In this notation, Poonen proves:

Theorem: There is a ${\Pi^2 \Sigma^* }$ formula that defines the integers.

Thus, formulas of the form: ${\Sigma^* \Pi^2 \Sigma^* }$ are undecidable via the H10-based argument of the last section. See this other paper by Poonen for details. I will just show you what his formulas look like.

Consider the following definitions:

$\displaystyle L = (a+x_1^2+x_2^2+x_3^2+x_4^2)(b+x_1^2+x_2^2+x_3^2+x_4^2)\Delta$

where

$\displaystyle \Delta = ( x_1^2 -ax_2^2-bx_3^2+abx_4^2-1) + \prod_{n=0}^{2309} \left((n-x-2x_1)^2-4ay_2-4by_3^2+4aby_4^2-4 \right)^2.$

Define ${\psi(x)}$ to be

$\displaystyle \forall a \forall b \exists x_1 \dots \exists x_4 \exists y_2 \dots \exists y_4 \; L=0.$

Then Poonen’s main theorem is:

Theorem: For all rational ${x}$, the formula ${\psi(x)}$ is true if and only if ${x}$ is an integer.

Poonen’s paper makes clever use of quaternions, and properties of various Diophantine equations.

I can add one comment, which will decrease the mystery a bit about these formulas. Suppose at some point in such a formula you require a variable ${y}$ that only takes on non-negative rational values. You cannot use ${y^2}$, since while that is always non-negative, it misses many values. Joseph Lagrange’s famous four-square theorem comes to the rescue. Just use

$\displaystyle y = x_1^2 + x_2^2 + x_3^2 + x_4^2.$

By his theorem, ${y}$ can take on any non-negative rational value. His famous theorem says that every natural number is the sum of four squares, but it is easy to extend his theorem to rational values.

Using The BC To Define Integers

I noticed BC implies the following simple theorem, which I am sure is known.
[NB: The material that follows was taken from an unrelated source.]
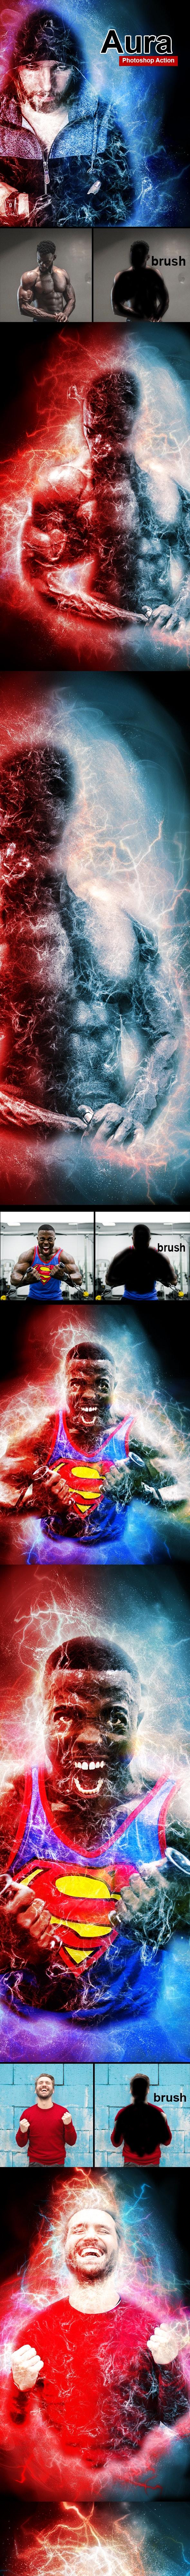 Amazing Aura Photoshop Action Vol 1 - Photo Effects Actions
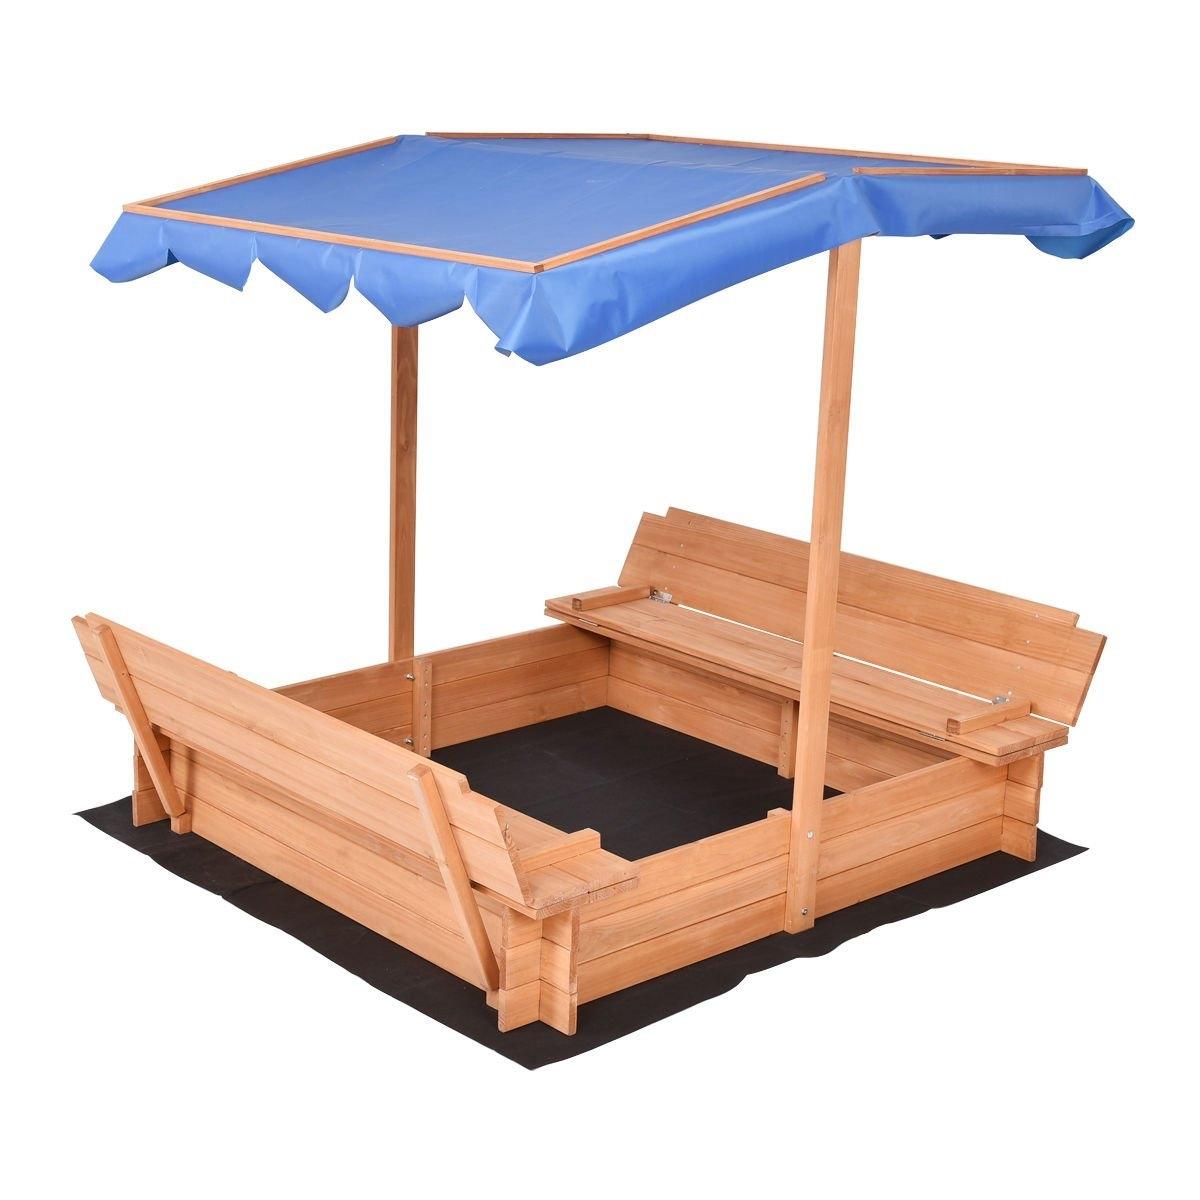 New MTN-G Beach Cabana Sandbox Retractable w/ Canopy Benc...

But I thought it would be nice to point out the power of the BC conjecture.

Theorem: If BC is true, then the class of formulas of the form

$\displaystyle \Sigma \ \Pi \ \Sigma^*$

is undecidable over the rational numbers.

Note, the above class of formulas is different in two ways from Poonen’s: the first existential quantifier is one variable and the universal quantifier is just one variable too.

Proof:

I will sketch the proof. The key insight is that assuming that BC is true allows us to reduce multiple quantifiers to one. More precisely, consider a formula of the form

$\displaystyle \forall x \forall y \ \mathsf{Q} \ \phi(x,y,\dots)=0 \ \ \ \ \ (1)$

where ${\mathsf{Q}}$ denotes a string of quantifiers of any type and ${\phi}$ is a polynomial. Then, this formula is equivalent to

$\displaystyle \forall z \ \mathsf{Q} \ \exists x \exists y \ [f(x,y) -z]^2 + \phi(x,y,\dots)^2 = 0. \ \ \ \ \ (2)$

Let’s prove that (1) implies (2). Assume that (1) is true and (2) is false. Then, there must be a ${z_0}$ so the latter is false. There are ${x_0}$ and ${y_0}$ so that ${f(x_0,y_0) = z_0}$, since the mapping ${f}$ is onto. But,

$\displaystyle \mathsf{Q} \ \phi(x_0,y_0,\dots) = 0$

is true. Thus,

$\displaystyle \mathsf{Q} \ \exists x \exists y \ [f(x,y) -z_0]^2 + \phi(x,y,\dots)^2 = 0$

is true: set ${x = x_0}$ and ${y = y_0}$. This is a contradiction.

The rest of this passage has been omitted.